TASK TO CARRY OUT: Search the records for the string "Flower", and show each line where it appears.

AVAILABLE DATA:
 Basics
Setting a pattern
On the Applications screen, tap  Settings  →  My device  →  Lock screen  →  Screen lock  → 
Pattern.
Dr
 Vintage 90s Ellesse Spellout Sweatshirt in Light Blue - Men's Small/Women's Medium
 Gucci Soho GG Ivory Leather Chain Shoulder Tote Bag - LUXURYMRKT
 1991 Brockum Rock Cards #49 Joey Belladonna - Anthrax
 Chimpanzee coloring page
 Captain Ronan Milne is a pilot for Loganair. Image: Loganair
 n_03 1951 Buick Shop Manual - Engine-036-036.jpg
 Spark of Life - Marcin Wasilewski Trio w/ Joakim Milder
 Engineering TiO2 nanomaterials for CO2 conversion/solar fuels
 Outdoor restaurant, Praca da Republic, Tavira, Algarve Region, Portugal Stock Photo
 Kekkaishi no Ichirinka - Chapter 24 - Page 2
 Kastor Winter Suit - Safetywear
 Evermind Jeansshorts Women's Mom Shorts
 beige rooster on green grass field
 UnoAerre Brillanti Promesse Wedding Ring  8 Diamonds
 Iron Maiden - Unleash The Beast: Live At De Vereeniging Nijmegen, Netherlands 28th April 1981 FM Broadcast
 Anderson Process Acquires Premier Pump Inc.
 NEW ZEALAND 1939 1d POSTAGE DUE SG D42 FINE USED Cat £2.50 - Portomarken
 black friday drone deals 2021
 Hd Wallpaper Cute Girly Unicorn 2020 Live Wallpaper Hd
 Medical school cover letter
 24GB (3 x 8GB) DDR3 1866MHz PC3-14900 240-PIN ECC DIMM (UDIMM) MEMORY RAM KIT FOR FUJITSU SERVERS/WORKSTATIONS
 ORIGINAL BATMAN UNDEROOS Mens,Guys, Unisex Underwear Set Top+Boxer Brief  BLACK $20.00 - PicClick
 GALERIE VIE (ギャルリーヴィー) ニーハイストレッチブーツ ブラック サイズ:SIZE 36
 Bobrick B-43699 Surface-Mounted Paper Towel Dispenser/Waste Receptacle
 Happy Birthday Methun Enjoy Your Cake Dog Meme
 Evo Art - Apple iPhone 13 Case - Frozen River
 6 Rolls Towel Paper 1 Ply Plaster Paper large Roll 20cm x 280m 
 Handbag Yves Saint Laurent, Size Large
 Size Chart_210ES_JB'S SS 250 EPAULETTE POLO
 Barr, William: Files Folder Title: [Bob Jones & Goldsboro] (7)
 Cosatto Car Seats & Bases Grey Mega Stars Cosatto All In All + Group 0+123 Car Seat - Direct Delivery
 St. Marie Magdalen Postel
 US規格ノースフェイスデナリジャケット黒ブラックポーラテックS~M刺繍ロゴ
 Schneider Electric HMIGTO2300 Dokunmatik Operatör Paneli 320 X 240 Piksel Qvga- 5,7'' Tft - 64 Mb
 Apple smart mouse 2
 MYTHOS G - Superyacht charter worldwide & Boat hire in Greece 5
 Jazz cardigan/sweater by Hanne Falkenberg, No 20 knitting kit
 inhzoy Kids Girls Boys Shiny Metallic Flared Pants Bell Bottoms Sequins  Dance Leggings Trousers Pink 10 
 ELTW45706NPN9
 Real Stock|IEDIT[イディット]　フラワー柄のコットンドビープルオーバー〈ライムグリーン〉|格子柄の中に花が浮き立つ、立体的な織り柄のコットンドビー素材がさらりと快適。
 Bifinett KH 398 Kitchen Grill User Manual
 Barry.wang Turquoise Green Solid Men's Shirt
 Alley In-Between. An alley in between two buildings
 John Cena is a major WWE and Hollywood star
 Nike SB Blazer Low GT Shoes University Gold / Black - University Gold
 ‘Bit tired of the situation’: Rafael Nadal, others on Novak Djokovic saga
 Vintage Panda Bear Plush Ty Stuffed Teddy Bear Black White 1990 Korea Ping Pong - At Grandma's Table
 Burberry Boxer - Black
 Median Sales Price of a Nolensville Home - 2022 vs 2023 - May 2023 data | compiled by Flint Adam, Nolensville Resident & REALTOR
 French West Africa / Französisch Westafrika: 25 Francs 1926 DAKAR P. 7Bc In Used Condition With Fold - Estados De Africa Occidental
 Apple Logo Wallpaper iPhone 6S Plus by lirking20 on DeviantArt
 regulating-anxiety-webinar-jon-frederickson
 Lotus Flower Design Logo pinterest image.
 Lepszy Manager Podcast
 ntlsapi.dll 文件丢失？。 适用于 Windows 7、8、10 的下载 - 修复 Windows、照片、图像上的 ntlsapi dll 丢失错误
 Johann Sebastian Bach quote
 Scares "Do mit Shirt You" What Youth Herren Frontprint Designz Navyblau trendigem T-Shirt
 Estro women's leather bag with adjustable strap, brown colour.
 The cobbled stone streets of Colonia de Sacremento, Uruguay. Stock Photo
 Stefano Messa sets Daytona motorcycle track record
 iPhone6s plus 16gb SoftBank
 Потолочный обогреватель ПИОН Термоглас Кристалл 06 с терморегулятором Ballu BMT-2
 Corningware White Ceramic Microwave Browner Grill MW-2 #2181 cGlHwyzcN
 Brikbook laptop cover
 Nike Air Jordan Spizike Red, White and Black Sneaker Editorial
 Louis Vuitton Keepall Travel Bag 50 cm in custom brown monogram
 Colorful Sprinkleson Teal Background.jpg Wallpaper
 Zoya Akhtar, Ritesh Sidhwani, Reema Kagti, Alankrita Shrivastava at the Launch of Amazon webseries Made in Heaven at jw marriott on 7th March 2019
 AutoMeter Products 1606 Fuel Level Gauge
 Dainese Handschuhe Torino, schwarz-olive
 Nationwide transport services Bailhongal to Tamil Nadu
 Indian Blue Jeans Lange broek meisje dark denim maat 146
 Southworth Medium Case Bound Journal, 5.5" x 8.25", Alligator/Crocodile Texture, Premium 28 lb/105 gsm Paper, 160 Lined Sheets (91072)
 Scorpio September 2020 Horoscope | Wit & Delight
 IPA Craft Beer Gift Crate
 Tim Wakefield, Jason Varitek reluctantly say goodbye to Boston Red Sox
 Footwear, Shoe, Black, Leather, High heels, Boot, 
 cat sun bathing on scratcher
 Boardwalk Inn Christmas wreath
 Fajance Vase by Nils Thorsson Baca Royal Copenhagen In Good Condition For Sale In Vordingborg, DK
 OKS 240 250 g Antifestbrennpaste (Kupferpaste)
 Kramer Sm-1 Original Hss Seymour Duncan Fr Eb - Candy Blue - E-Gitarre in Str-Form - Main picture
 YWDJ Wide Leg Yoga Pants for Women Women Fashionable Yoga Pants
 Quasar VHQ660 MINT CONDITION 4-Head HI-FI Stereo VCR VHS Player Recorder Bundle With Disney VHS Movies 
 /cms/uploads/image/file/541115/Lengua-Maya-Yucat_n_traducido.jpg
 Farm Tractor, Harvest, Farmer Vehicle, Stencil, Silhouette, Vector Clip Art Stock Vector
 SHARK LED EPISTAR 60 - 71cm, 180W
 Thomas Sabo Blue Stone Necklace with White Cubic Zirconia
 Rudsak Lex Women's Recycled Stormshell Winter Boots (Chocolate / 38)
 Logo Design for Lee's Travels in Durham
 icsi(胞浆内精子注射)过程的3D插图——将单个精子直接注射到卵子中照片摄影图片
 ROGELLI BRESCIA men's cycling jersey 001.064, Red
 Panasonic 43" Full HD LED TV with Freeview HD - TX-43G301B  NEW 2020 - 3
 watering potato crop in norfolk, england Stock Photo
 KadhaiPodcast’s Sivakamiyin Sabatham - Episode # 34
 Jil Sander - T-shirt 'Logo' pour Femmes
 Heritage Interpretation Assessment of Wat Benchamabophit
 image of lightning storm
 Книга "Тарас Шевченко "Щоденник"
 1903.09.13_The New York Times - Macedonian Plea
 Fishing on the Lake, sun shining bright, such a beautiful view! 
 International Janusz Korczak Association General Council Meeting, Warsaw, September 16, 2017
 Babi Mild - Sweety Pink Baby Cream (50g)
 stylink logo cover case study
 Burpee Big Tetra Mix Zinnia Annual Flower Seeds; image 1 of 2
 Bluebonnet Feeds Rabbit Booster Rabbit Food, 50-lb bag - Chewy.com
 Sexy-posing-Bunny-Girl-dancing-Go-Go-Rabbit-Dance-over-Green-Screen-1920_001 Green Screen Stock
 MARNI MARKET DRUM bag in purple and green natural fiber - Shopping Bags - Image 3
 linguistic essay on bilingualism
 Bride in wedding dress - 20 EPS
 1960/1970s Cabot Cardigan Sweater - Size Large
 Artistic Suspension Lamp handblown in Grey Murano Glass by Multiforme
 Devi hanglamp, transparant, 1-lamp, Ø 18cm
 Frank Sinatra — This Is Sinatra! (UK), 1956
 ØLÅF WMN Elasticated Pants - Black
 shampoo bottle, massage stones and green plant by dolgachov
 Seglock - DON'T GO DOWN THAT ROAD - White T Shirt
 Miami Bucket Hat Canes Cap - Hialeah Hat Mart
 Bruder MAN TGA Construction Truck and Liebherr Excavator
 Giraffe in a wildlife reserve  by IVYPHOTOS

RESPONSE:
 Lotus Flower Design Logo pinterest image.
 Burpee Big Tetra Mix Zinnia Annual Flower Seeds; image 1 of 2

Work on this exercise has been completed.